| Required action |
What is needed is an exact copy of the data below, pictures excluded.

| Source material |
++++++++

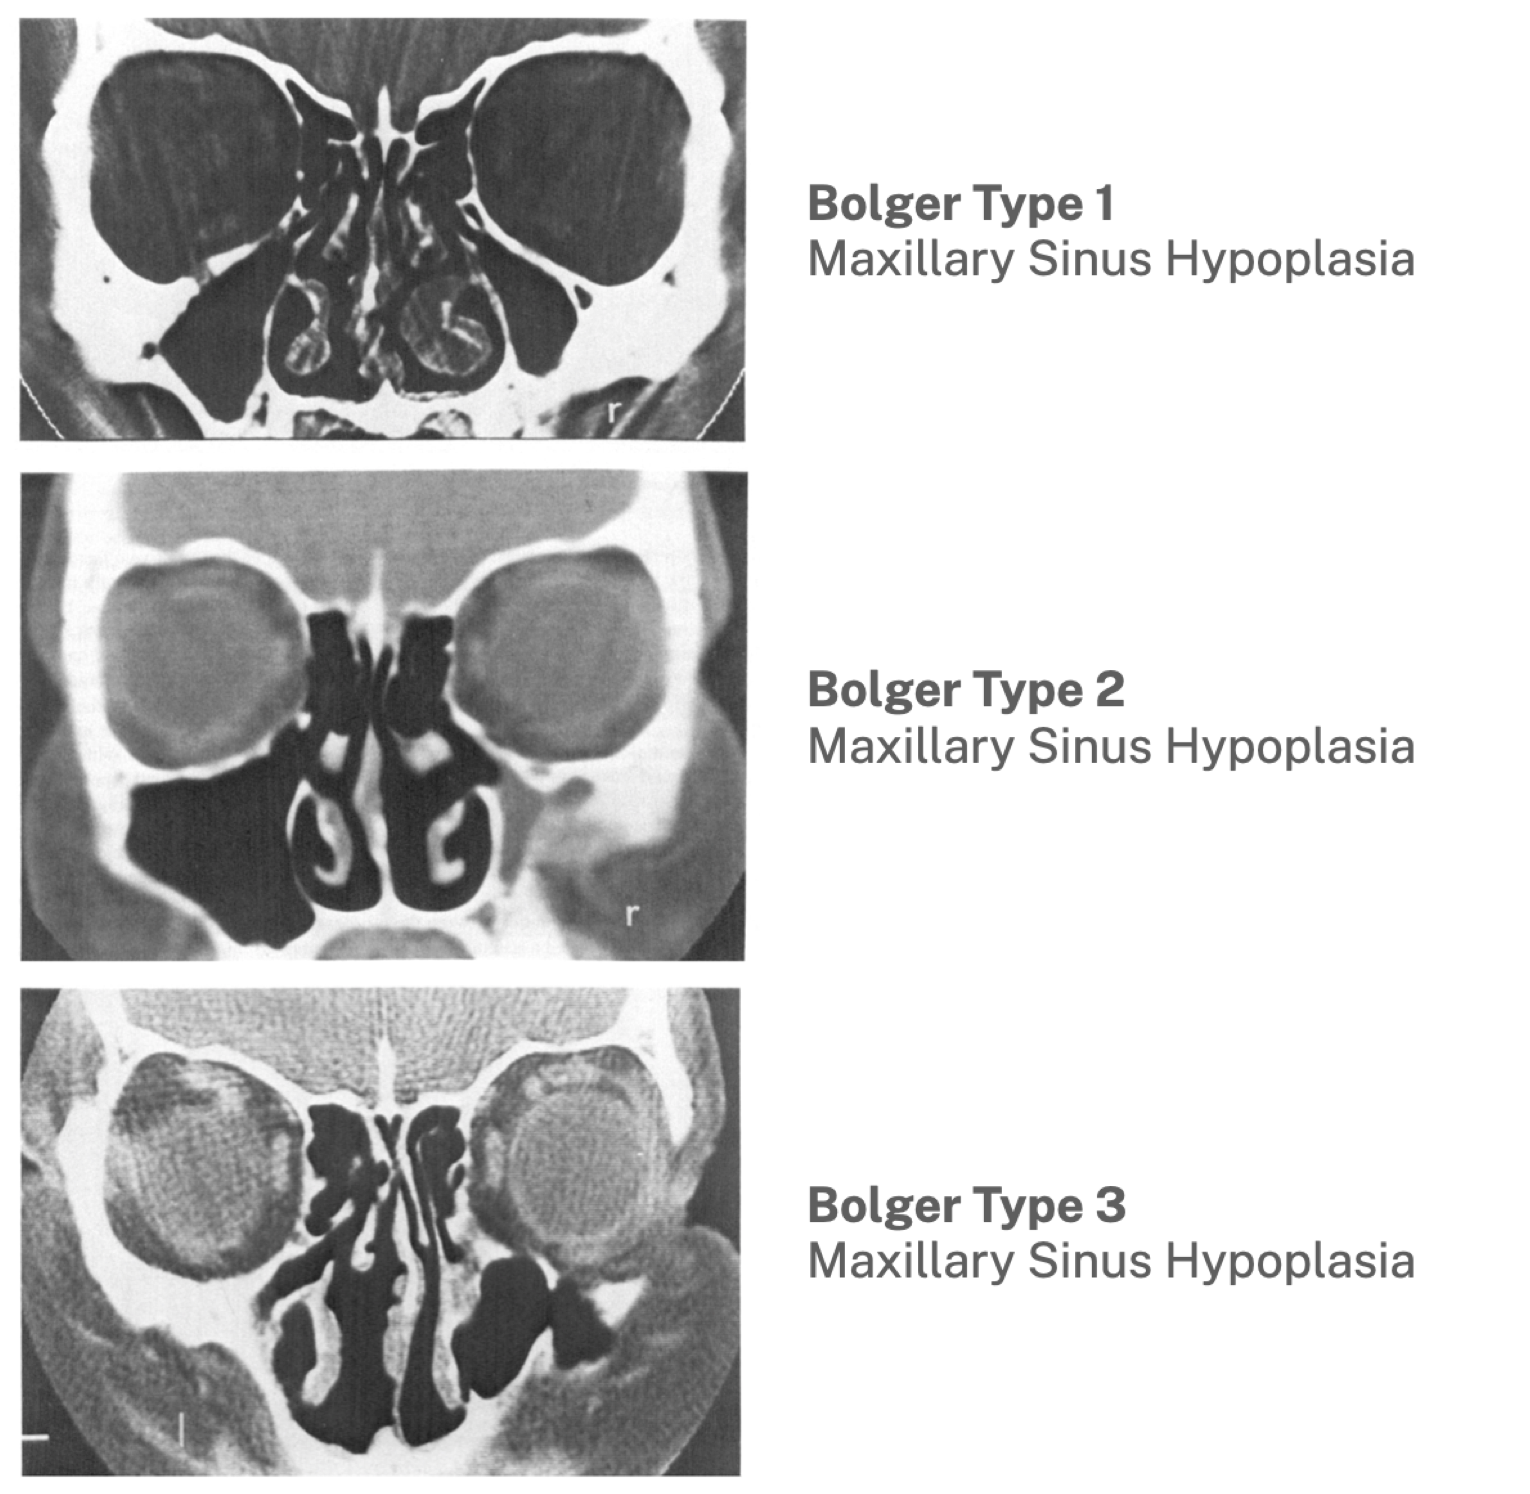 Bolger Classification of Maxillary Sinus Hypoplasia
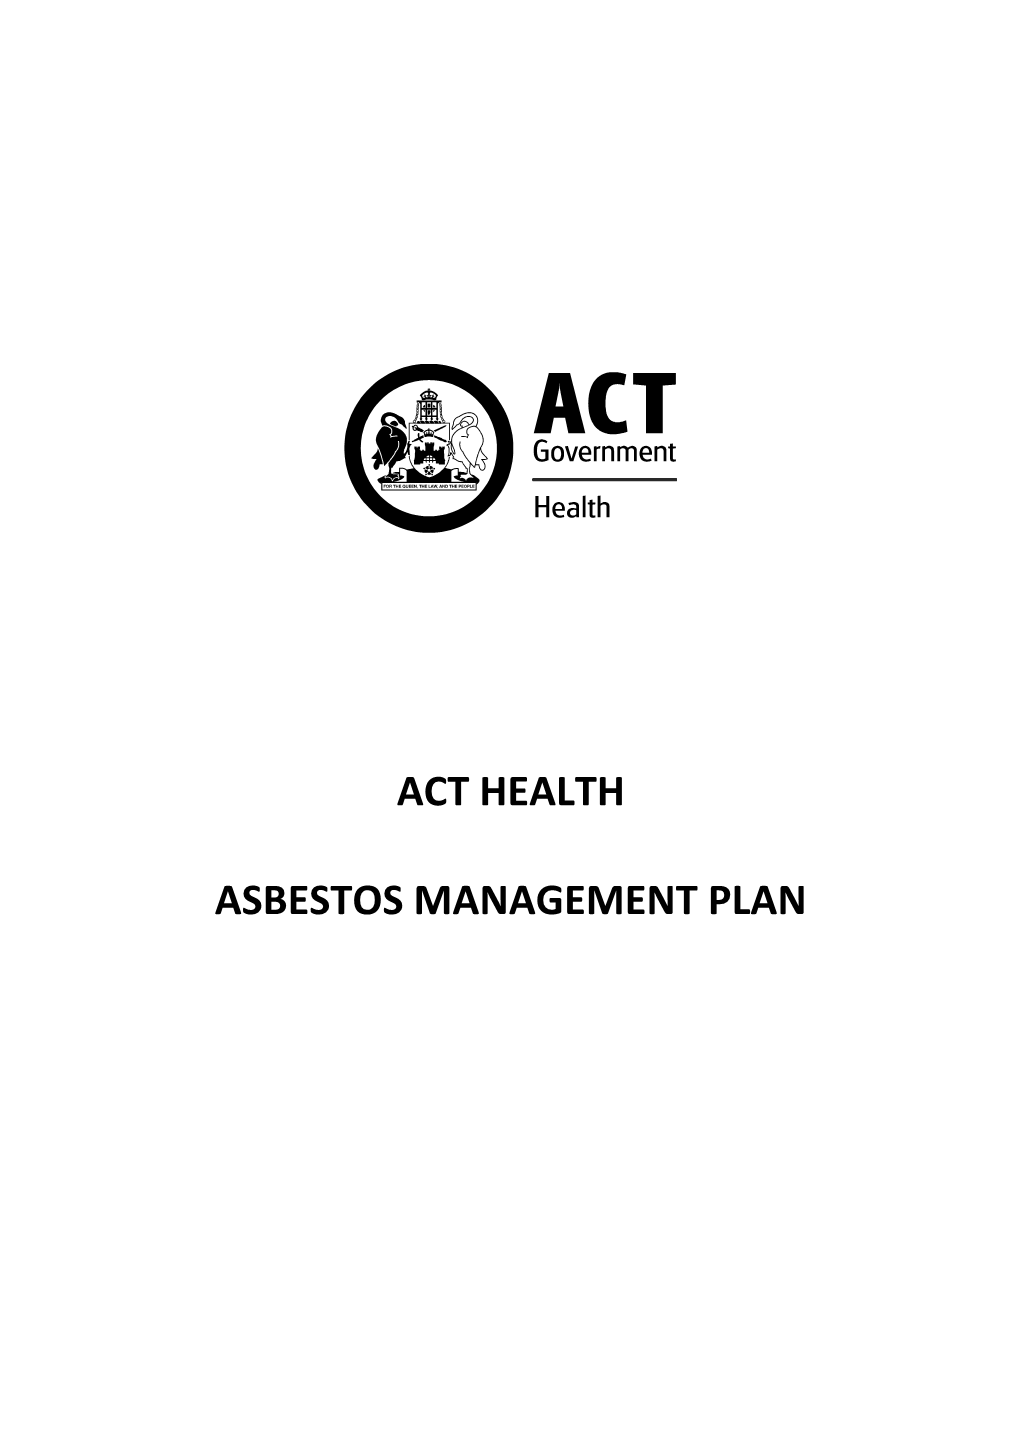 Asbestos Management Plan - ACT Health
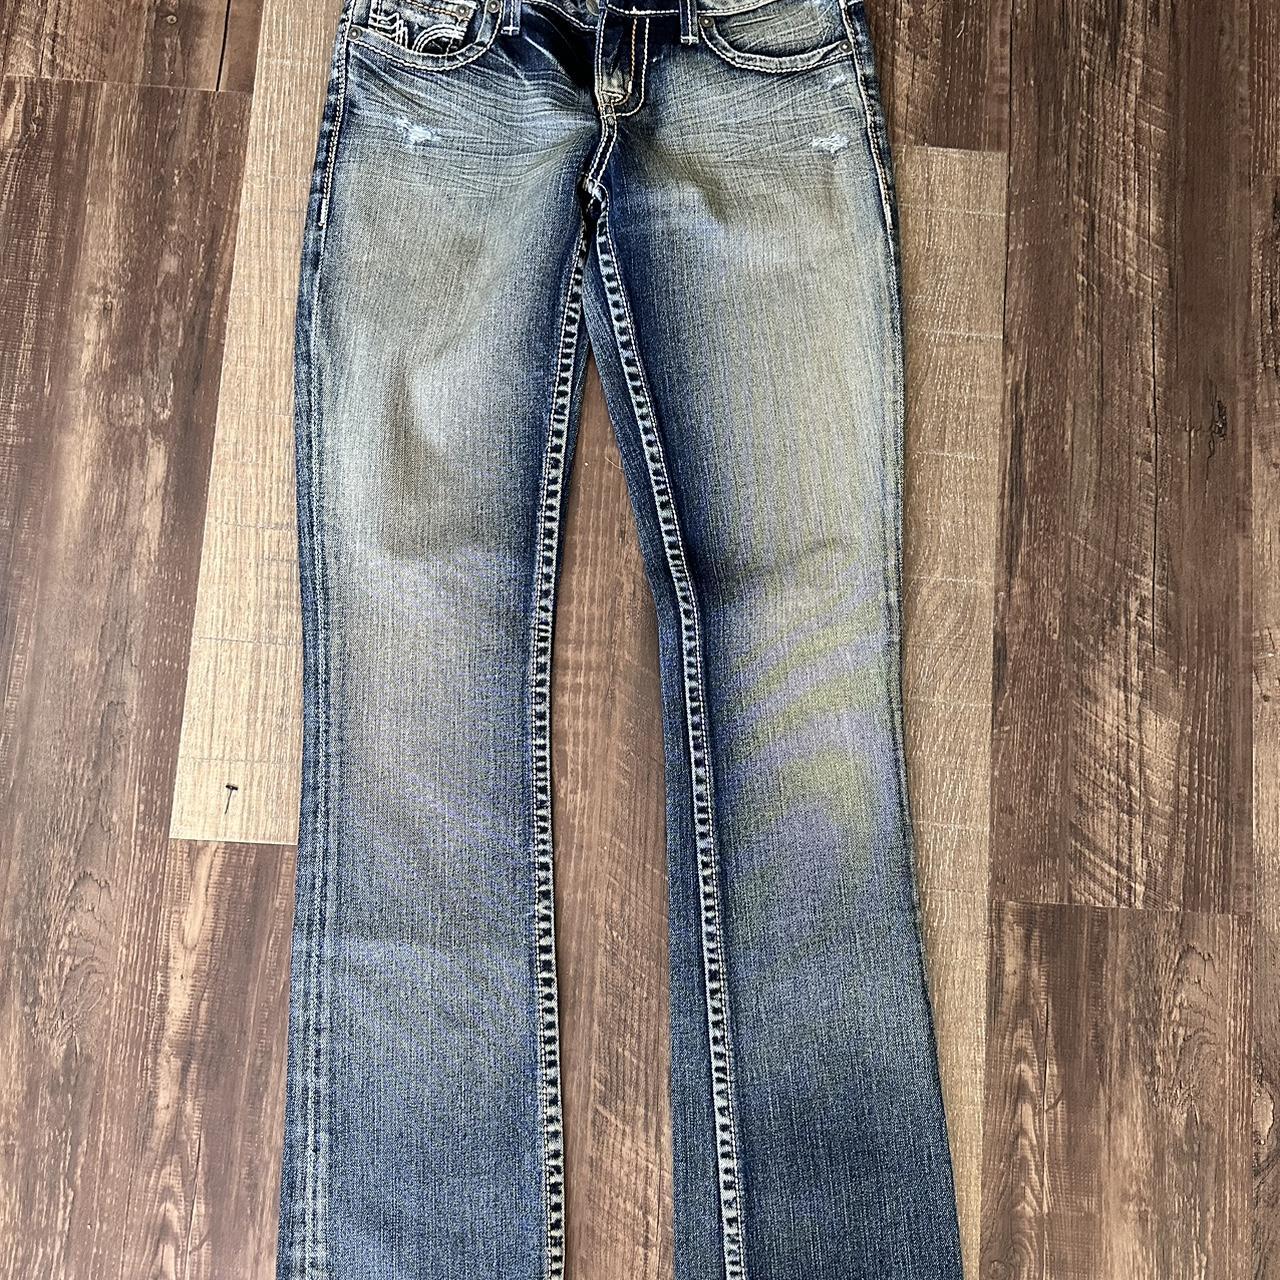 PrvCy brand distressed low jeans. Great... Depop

++++++++

| Written solution |
 Bolger Classification of Maxillary Sinus Hypoplasia
 Asbestos Management Plan - ACT Health
 PrvCy brand distressed low jeans. Great... Depop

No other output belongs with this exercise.